Participant Selection
The availability of online data makes it tempting to use them for identifying ideal study participants. The argument is compelling. An ideal match to a study’s target participant profile creates efficiencies and elevates integrity.

“But just because we can mine these rich sources to support participant selection, should we? After all, there is nothing anonymous about lifting someone’s cancer story from Facebook to target them for a clinical trial. We can, but should we?” Crabb asks. “This is but one of the ethical considerations around participant selection, big data, and social media. Another relates to bias—or representativeness—and reliability. Though large numbers of people contribute content online, we cannot assume that the online community is a reflection of the population at large or that self-reported data online are reliable.

“An organization’s ethics around participant selection should be clearly articulated.”

With big data easy to obtain, researchers must be careful to collect only the information that is necessary or required for their study. For example, collecting an entire profile of social media posts to investigate one topic may inadvertently reveal other wholly unrelated pieces of information such as mental health issues. This data “overreach” could violate the ethical expectation that research is to have the least possible impact on participants.

In the case of social media, timestamp and geolocation information is routinely embedded in posts and images, amplifying the risk of reidentification, depending on how the data are being used.

“Investigators and sponsoring organizations should exercise diligence, collecting only pertinent data from the get-go or be equipped to remove extraneous data before doing anything with a target dataset,” Crabb explains. “Again, ethics policies and procedures should be clear on this topic.”

Informed Consent
A cornerstone of research ethics, informed consent is rarely bypassed unless it would fundamentally compromise the study. Besides exploratory and preresearch, there is another type of research—observational studies—that makes use of “routinely collected data.” It, too, raises new considerations around consent.
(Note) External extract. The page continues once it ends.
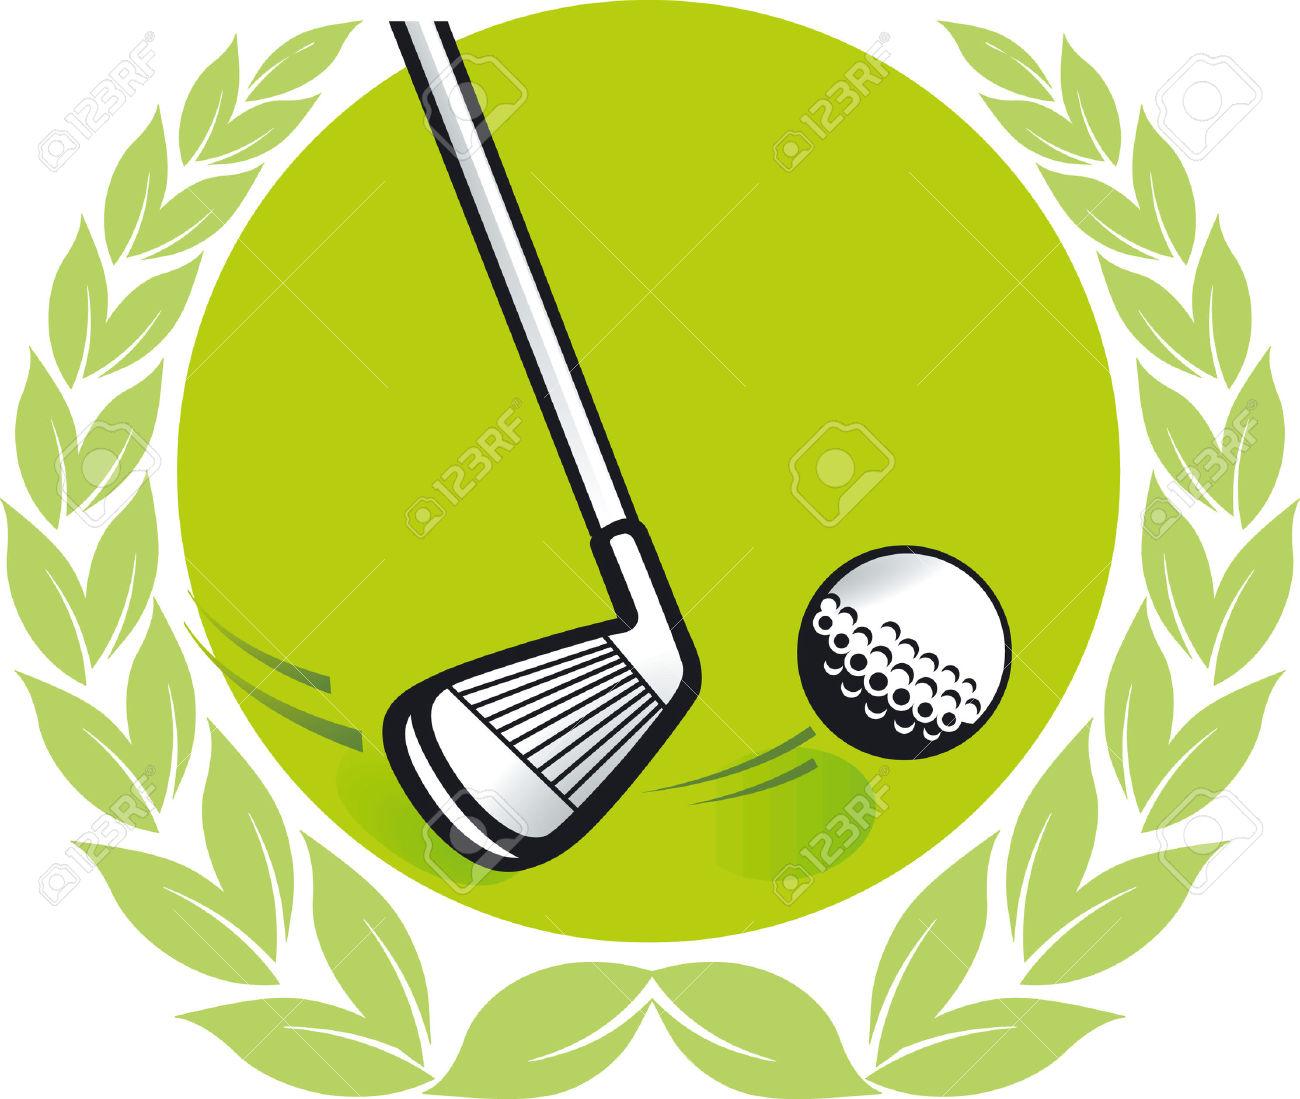 Free Golf Champion Cliparts, Download Free Clip Art, Free.

“Think about studies around sudden cardiac arrest, stroke, [or] trauma where traditional informed consent cannot be obtained, where data are readily employed, and where big data may have value. These types of studies have their place on the research continuum and may very well be highly contributory to personalized medicine and effective population health,” Crabb says.

The digital format of data makes them durable and easy to retain. “With advances in analytics, datasets can be used, compared, and combined in ways that may differ greatly from their original purpose,” Crabb says. “Data’s longevity, lineage, and unanticipated uses can compromise researchers’ ability to guarantee participants’ privacy and anonymity.

“Careful attention must be given to what data are collected and shared, where data come from, and whether those data are likely to be combined with other data in ways that compromise privacy and anonymity,” she continues. “Add genomics, big data banks, and advanced analytics to the mix and the expectations of privacy and anonymity are significantly impacted.”

Advanced Analytics and Algorithms
Algorithms are highly complex, making it difficult for researchers to explain their methods as to how and what data are being used to participants. While that’s a significant hurdle, the real challenge, Crabb says, is that the algorithms themselves may be intellectual property.

“The algorithms may be what enable one clinician or a provider organization to deliver a care innovation or quality of care that their peers cannot. They become the very stuff of competitive advantage. And in today’s value-based, pay-for-performance environment, this is a big deal. Herein lies a new potential conflict in the research mission in the era of data analytics,” she says.